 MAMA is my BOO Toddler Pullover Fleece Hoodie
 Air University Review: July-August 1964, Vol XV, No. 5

::::::::

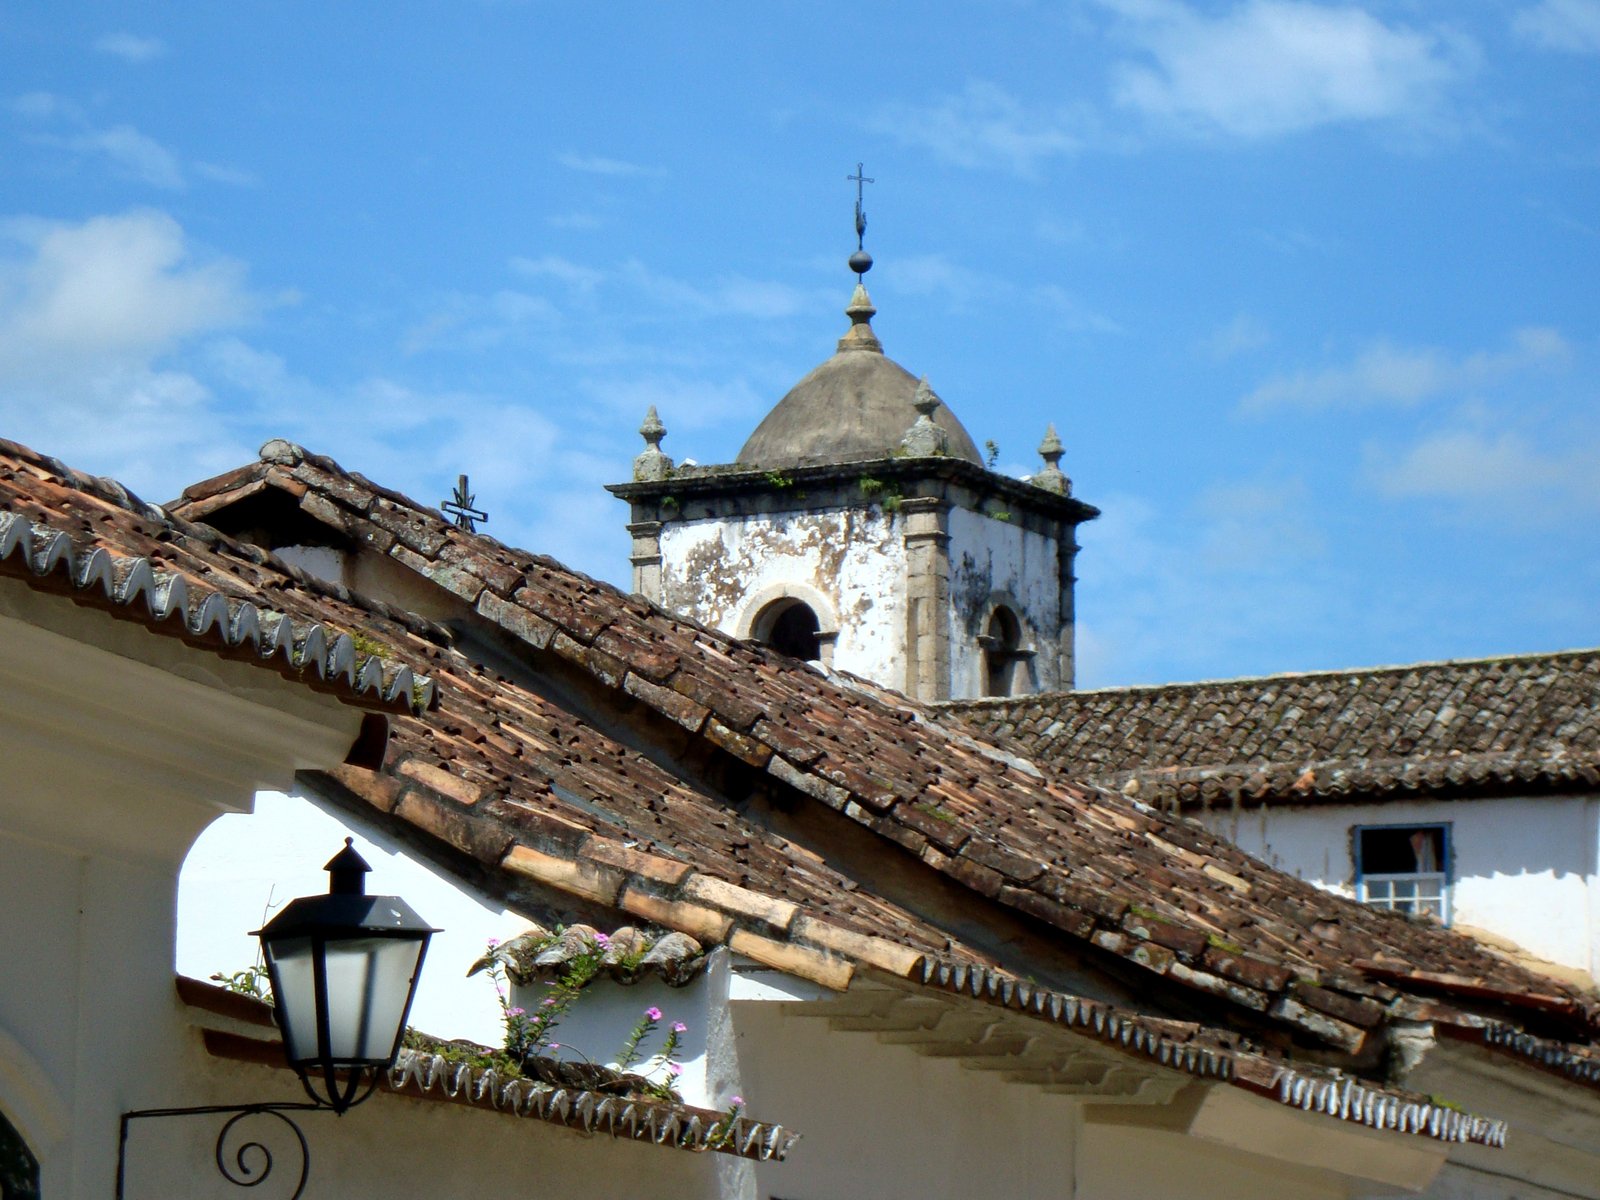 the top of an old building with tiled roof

::::::::

What is expected =>
Within the listing above, extract exactly the lines from the line with "MAMA is my BOO" to the line with "Air University Review: July-August", the two named lines included, and no others.

Expected output =>
 MAMA is my BOO Toddler Pullover Fleece Hoodie
 Air University Review: July-August 1964, Vol XV, No. 5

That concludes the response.